Other Headstanders of interest
What to feed the Striped Headstander
The Striped Headstander will feed on aquatic plants, algae, detritus, insects and small invertebrates in the wild. In addition, these omnivorous fish will generally eat all kinds of live, fresh, and flake foods in the aquarium.
However, To keep a good balance, it would be best to give them high-quality flake food daily alongside a good spirulina formula fish food or algae wafer. You can also occasionally provide them with live or frozen fare such as bloodworm or brine shrimp as a treat.
This species will also enjoy other vegetable matter, such as crushed lettuce leaves, chickweed, spinach leaves and watercress. In addition, they may nibble on aquarium plants, especially if there is not enough algae growth in the aquarium. This species does best when fed several times a day but remember only to offer them what they are able to consume in 3 minutes or less at each feeding.

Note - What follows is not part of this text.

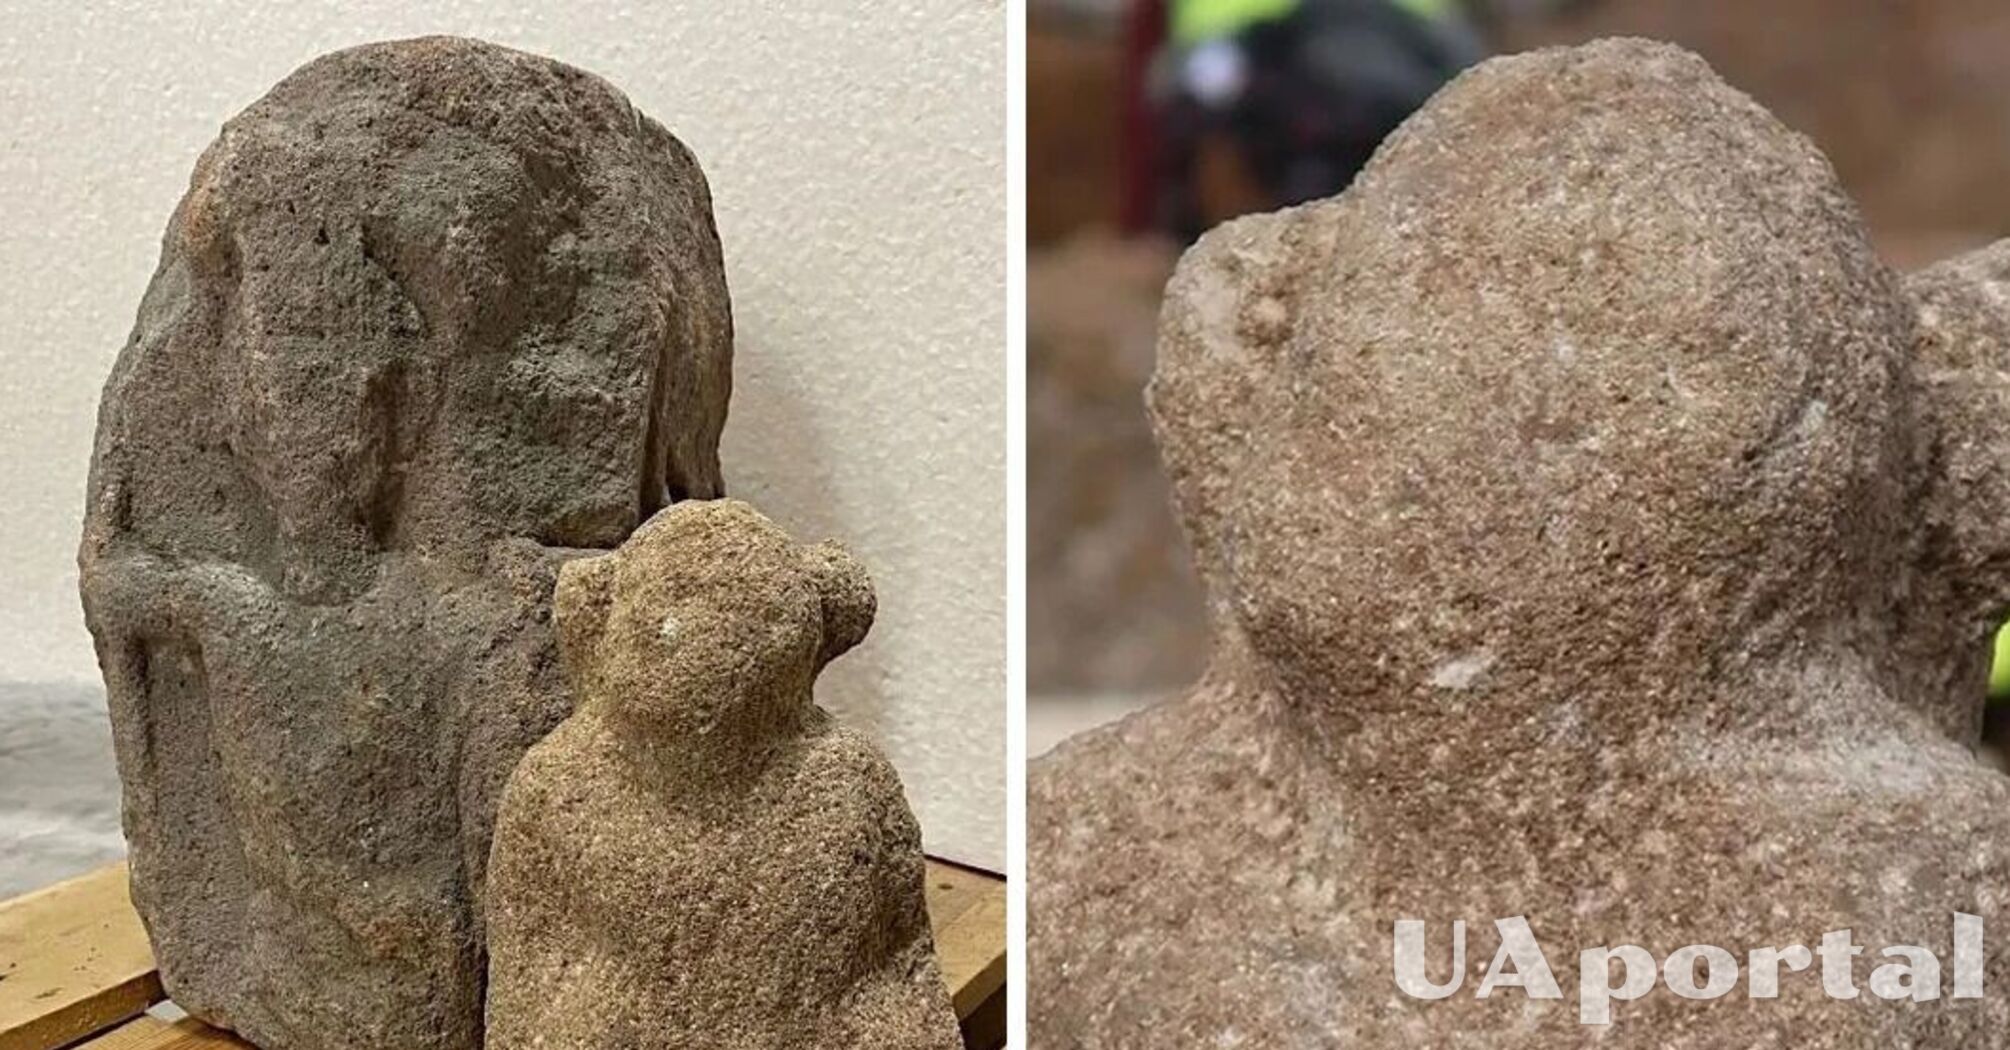 Лицо человека, а тело змеи: в Германии нашли скульптуру удивительного божества (фото)
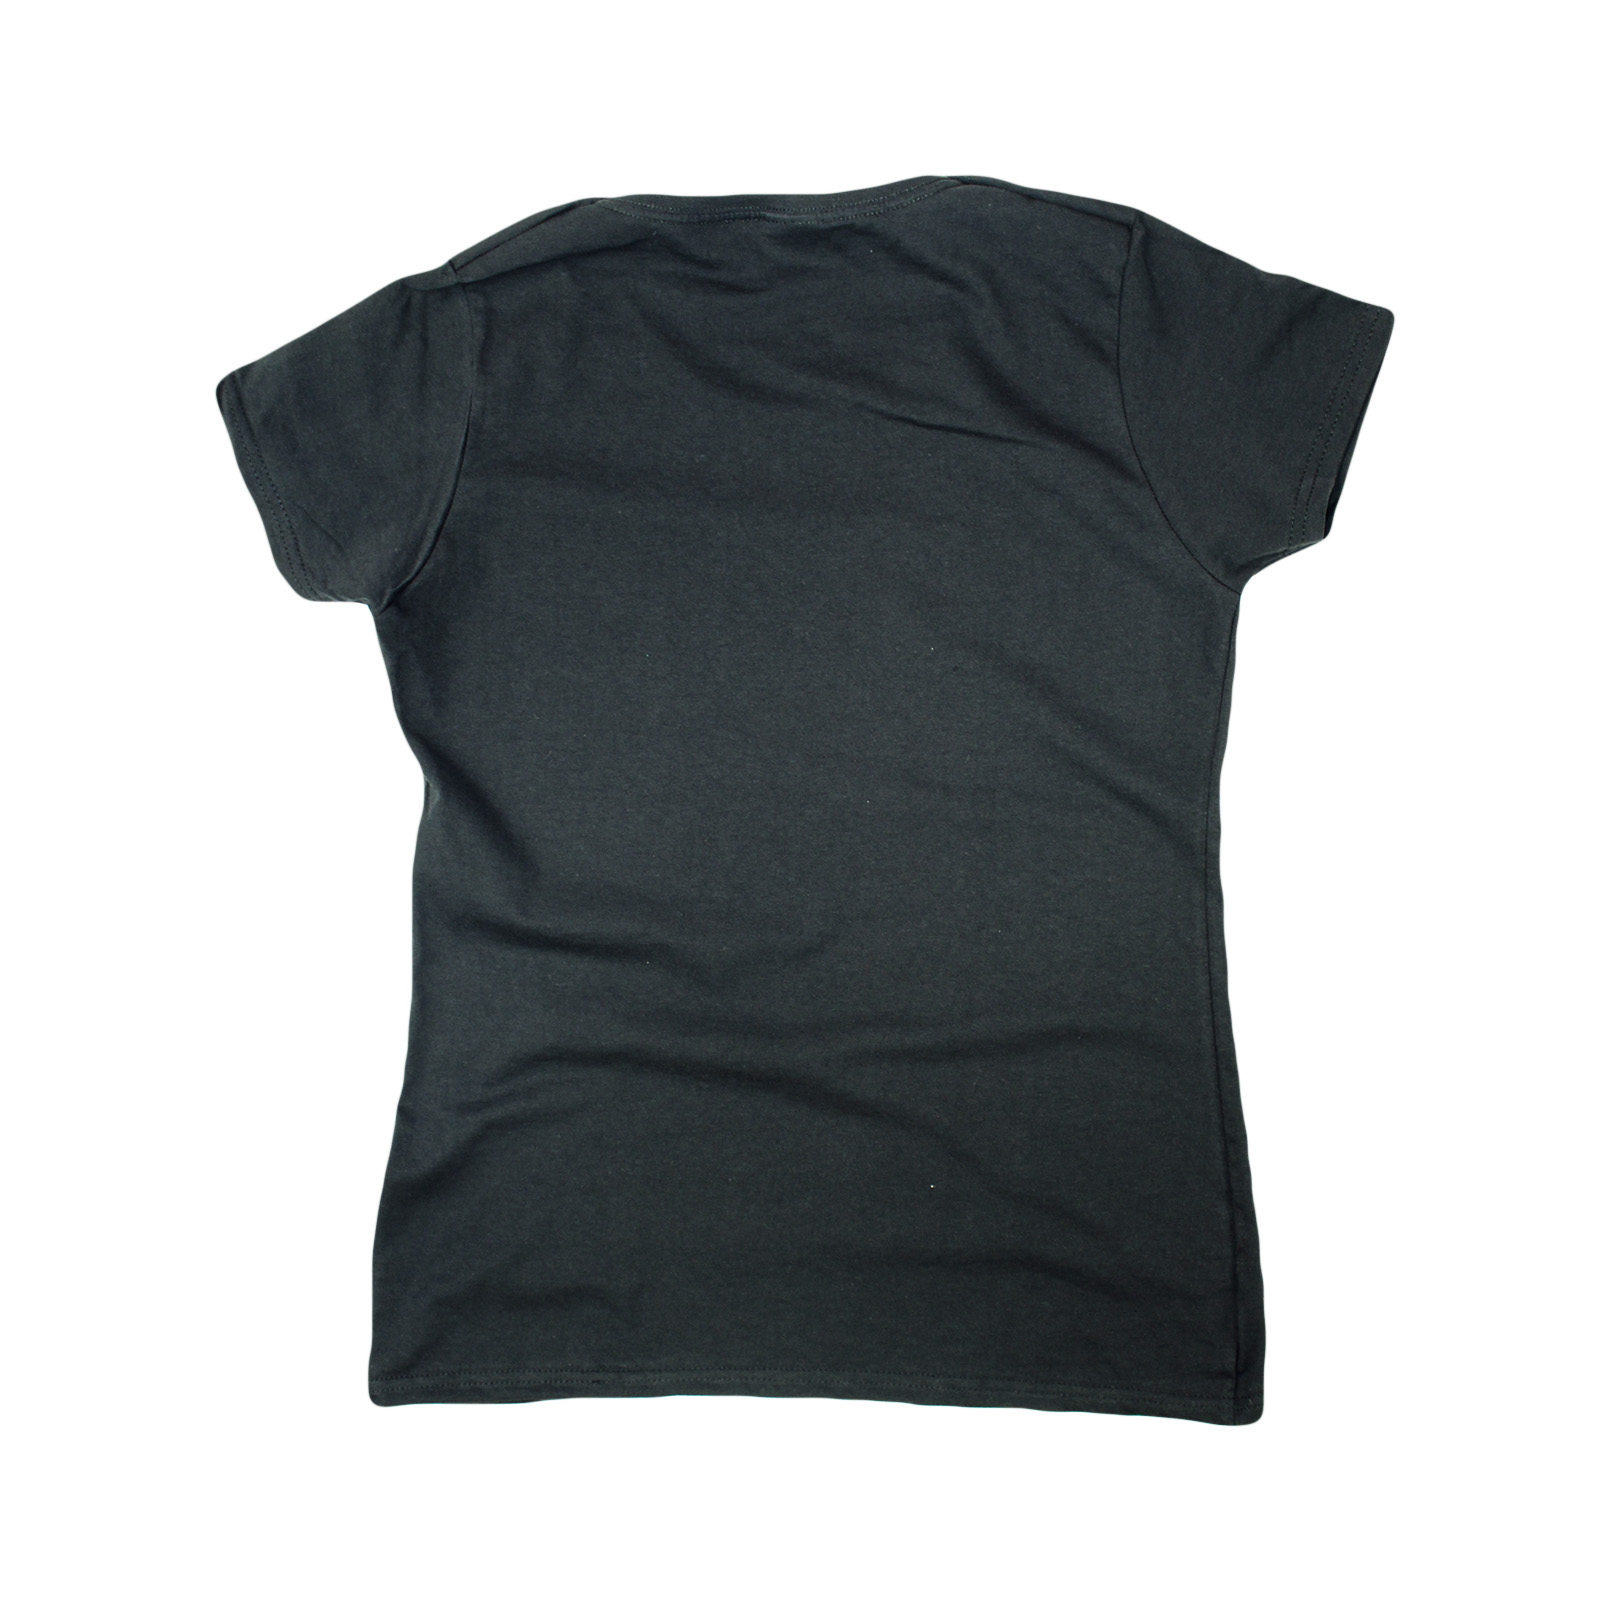 Drôle Nouveauté Tops T-shirt femme tee tshirt-seins me font sourire

How to Sex the Striped Headstander
It is somewhat challenging to differentiate between male and female Striped Headstanders, especially when they are young. However, mature females usually grow slightly larger than males and tend to be fuller-bodied.
How to Breed the Striped Headstander
In nature, Headstanders are spawning fish that drop their eggs after pairing at the surface. Distinct pairs of the Striped Headstander will breed in thickly grown, weedy places, and the males usually stay near the nesting site.
Breeding of this fish has been accomplished in captivity. The Striped Headstander is produced commercially in South America and Asia; however, no specific data is currently available. Spawning them in the home aquarium is scarce, and no method has yet been established effectively. Some reports seem to indicate that the diet of the fish plays a critical role in initiating a spawn.
For a chance at successfully breeding them, you should separate the males from the females then condition them with plenty of live foods. You will need to provide a large spawning tank with a sandy substrate, a few stones with algae, roots and some peat filtration to add a touch of acidity.
It would be best to introduce the males and females into the prepared tank and gradually increase the temperature by a few degrees. Finally, cover the top with a towel, creating a darkened environment to help trigger the spawn.
Pairing should occur instantly just below the water's surface, with three to five eggs being dropped. You should then remove the parents from the tank once the eggs have been dropped, as they will usually consume them if given a chance. Next, you will need to feed the newly hatched fry baby brine shrimp, algae and Cyclops.